Она хотела припоминать дальше, но вспомнила вдруг, что для Елены это не будет занимательно, вздохнула и замолчала. Елена взглянула на нее с выражением привычного любования и преклонения, и сказала:
-- Когда так светло, хочется, чтобы и все было ясно, как здесь, вокруг нас.
-- А здесь разве ясно? -- возразила Елисавета. -- Солнце слепит глаза, вода горит и блещет, и в этом бешено-ярком мире мы даже не знаем, нет ли в двух шагах от нас кого-нибудь, кто за нами подсматривает.
Сестры в это время стояли, отдыхая, по грудь в воде, у лугового берега Скородени. Гимназист на корточках за кустом услышал Елисаветины слова. Он похолодел от смущения, и на четвереньках пустился меж кустами от реки, забрался в рожь, застыл на меже, и притворился, что отдыхает, что даже и не знает, где река. Но никто не замечал его, словно его и не было.
Гимназист посидел и пошел домой с неясным чувством разочарования, обиды, недоумения. Почему-то особенно обидно было ему думать, что для двух купальщиц он был только предполагаемою возможностью, тем, чего на самом деле не было.

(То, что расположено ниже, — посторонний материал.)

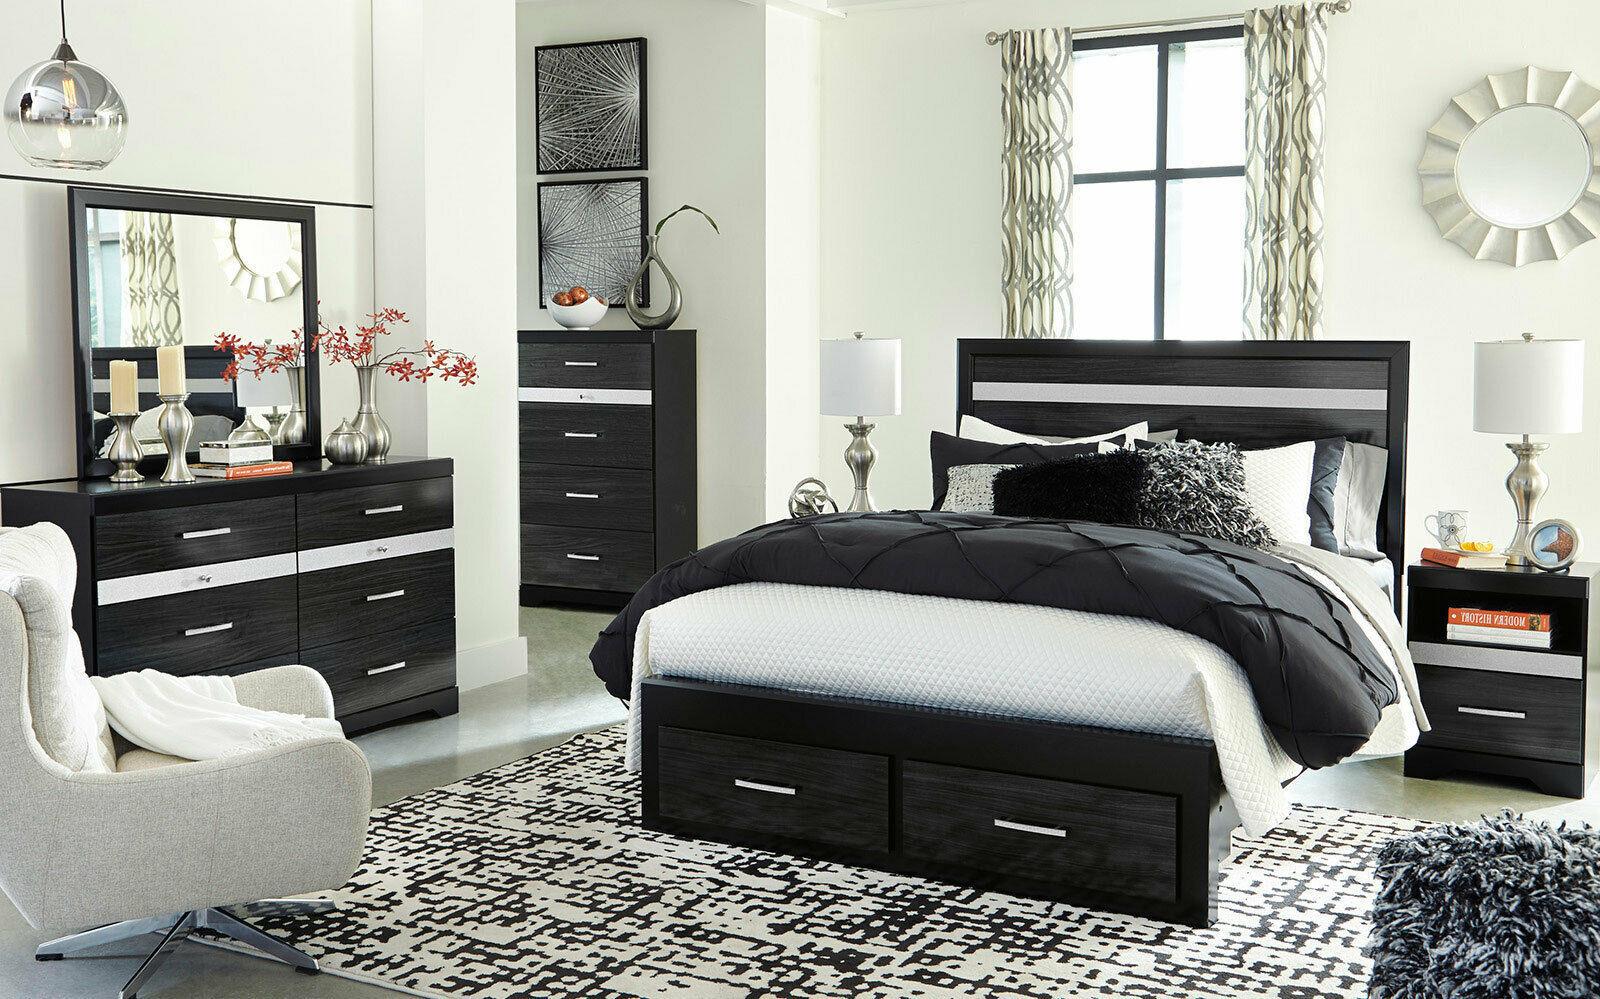 PRIMA 5 Pieces Modern Black Bedroom Suite W. King Size
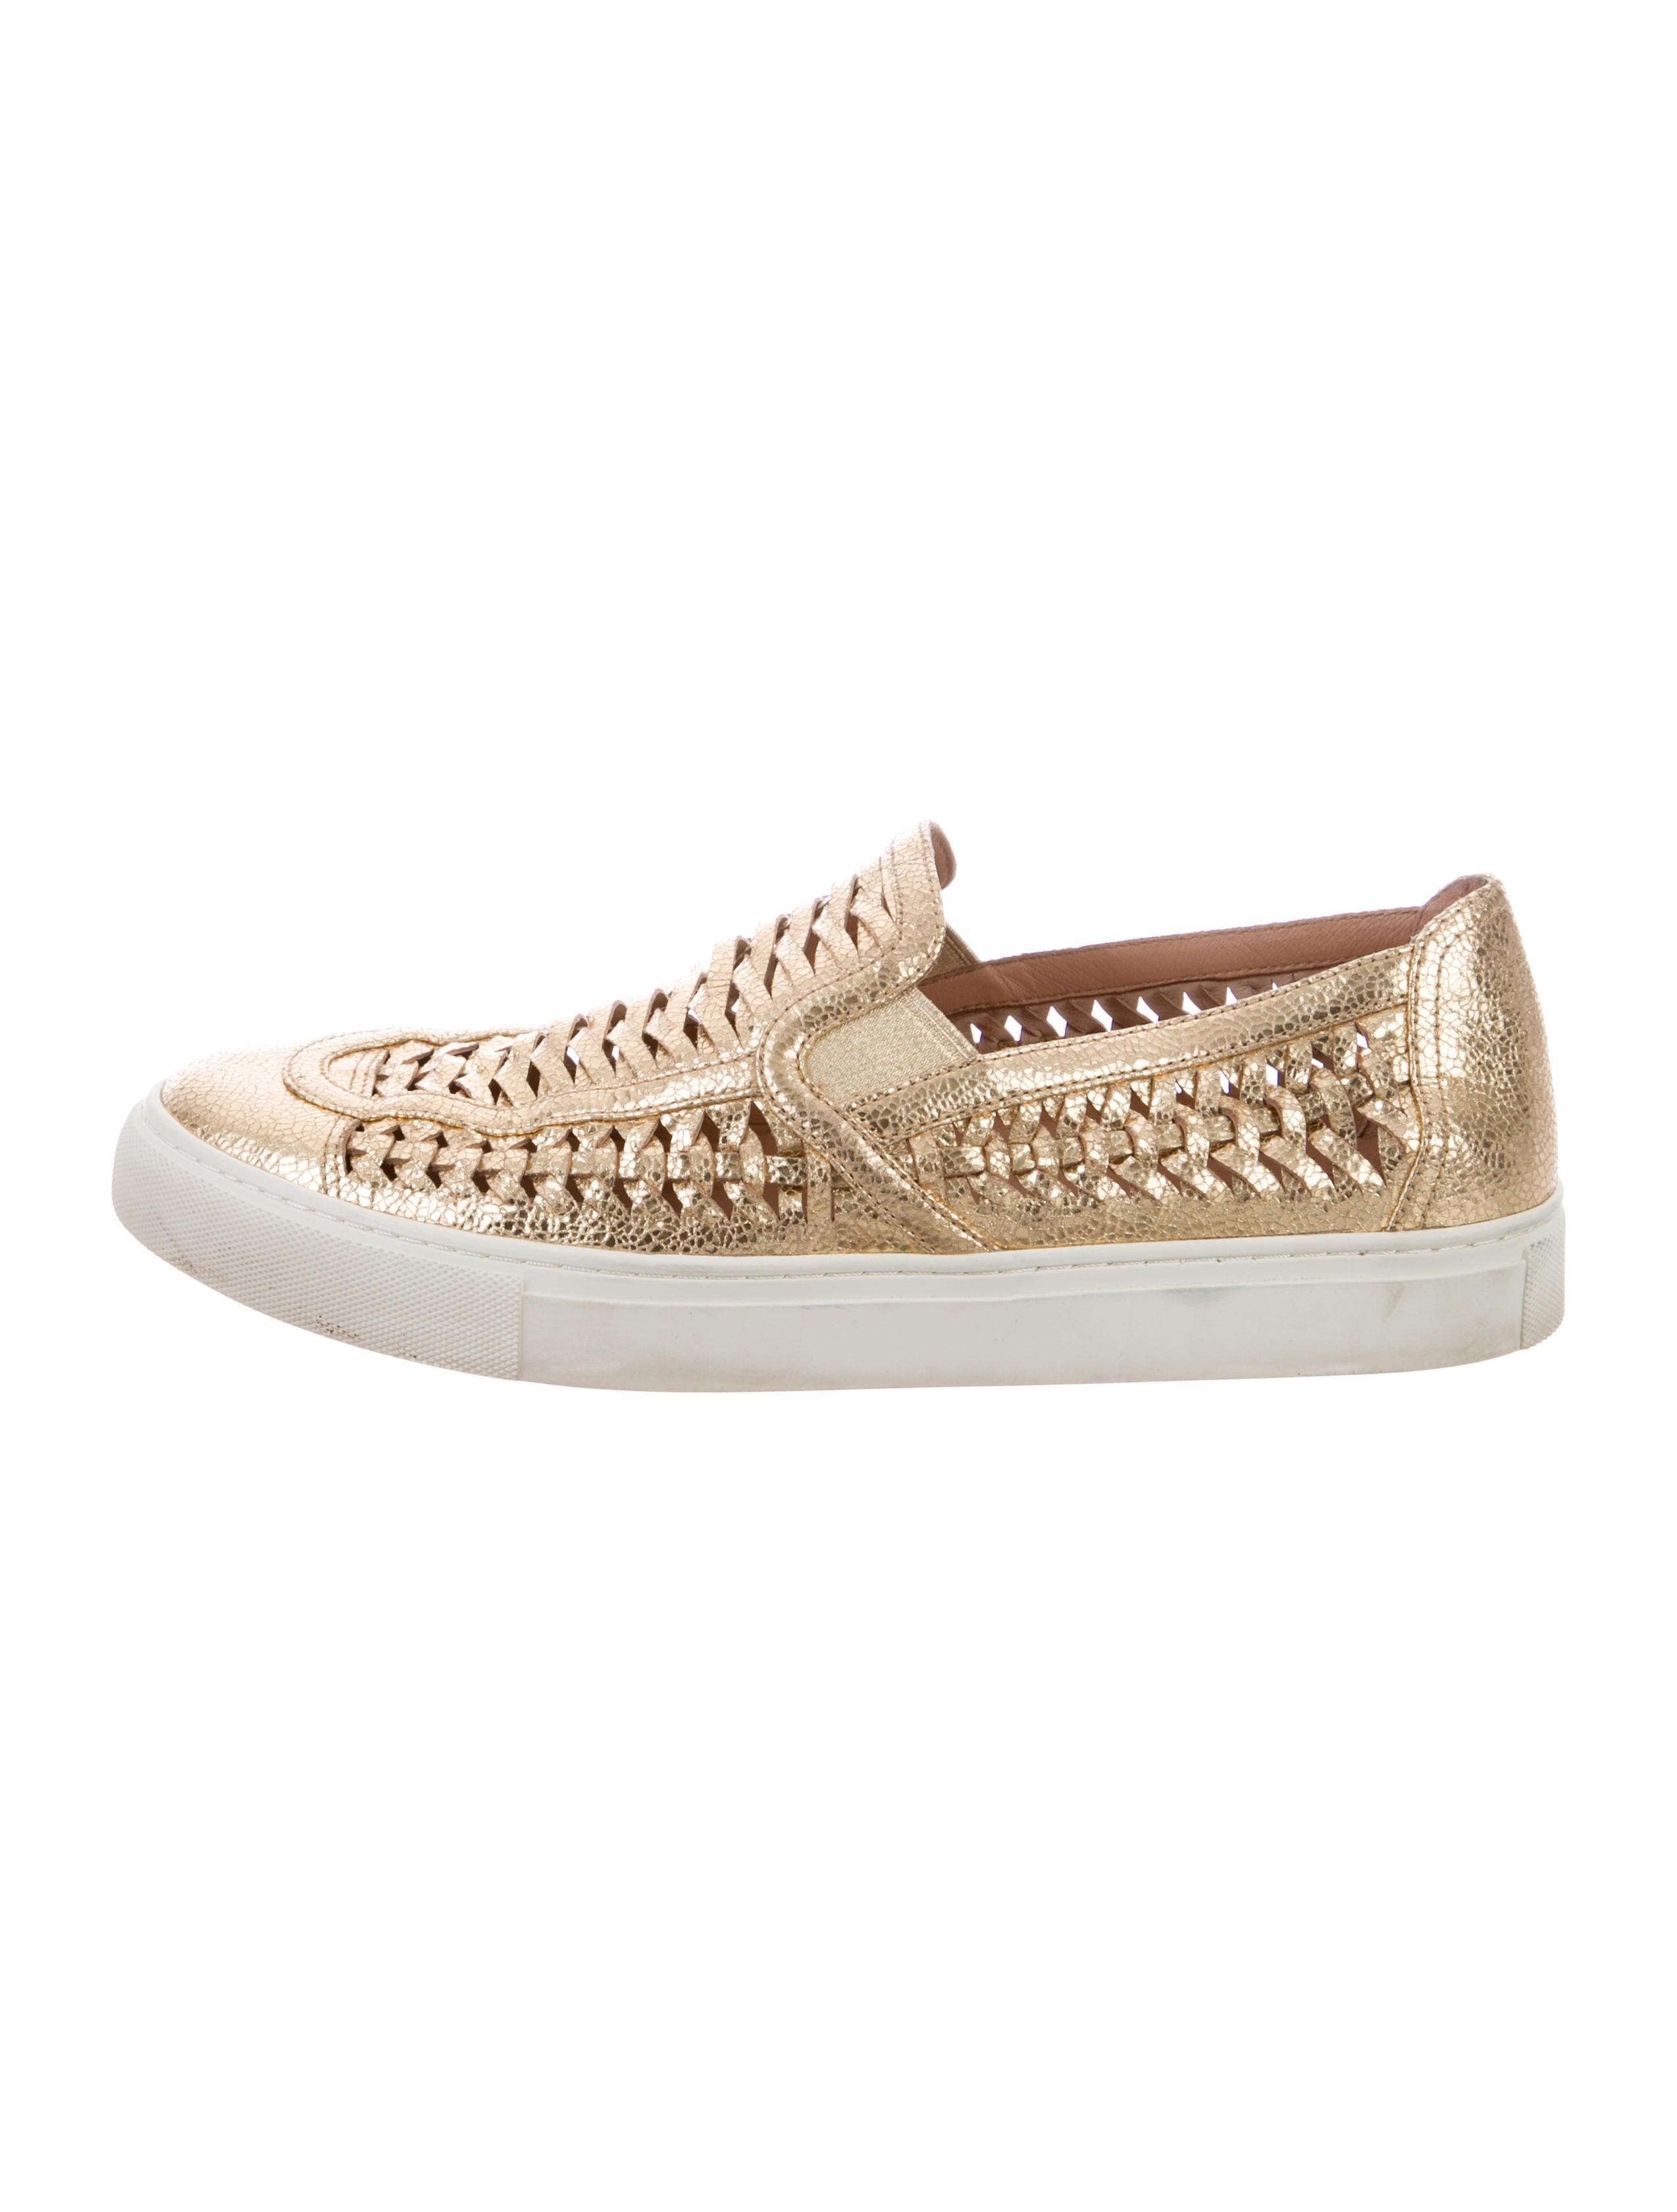 24ca99d05707 Tory Burch Huarache Slip-On Sneakers - Shoes - WTO166810

Все на свете кончается. Кончилось и купанье сестер. Вышли они обе сразу, и не сговариваясь, из отрадно-прохладной, глубинной воды на землю, в воздух, на земное подножие неба, к жарким лобзаниям тяжело и медленно вздымающегося Змия. На берегу они постояли, нежась Змиевыми лобзаниями, и вошли в закрытую купальню, где были оставлены их одежды, одеваться.
Елисаветин наряд был очень прост. Платье, сшитое туникою, без рукавов, не совсем длинное, зеленовато-желтого цвета, и простая соломенная шляпа. Елисавета почти всегда носила желтые платья. Она любила желтый цвет, курослеп и золото. Хотя она и говорила иногда, что носит желтое, чтобы не казаться слишком красною, но на самом деле она любила желтый цвет просто, искренно и бескорыстно. Желтый цвет радовал Елисавету. В этом было очень далекое, досознательное, воспоминание, словно из иной жизни, прежней.
Тяжелая, черная Елисаветина коса была плотно и красиво положена вокруг головы. Сзади коса была высоко поднята, и открывала сильно загорелую, стройно-поставленную шею. На прекрасном Елисаветином лице было ярко, почти с излишнею силою, выражено преобладание волевой и интеллектуальной жизни над эмоциональною. Был очарователен странно-прямой и длинный разрез губ. Сини были ее глаза, веселые, когда и губы не улыбаются. И веселый, и задумчивый, и нежный был их взгляд. На этом лице казались неожиданно-странными яркий румянец и сильный загар.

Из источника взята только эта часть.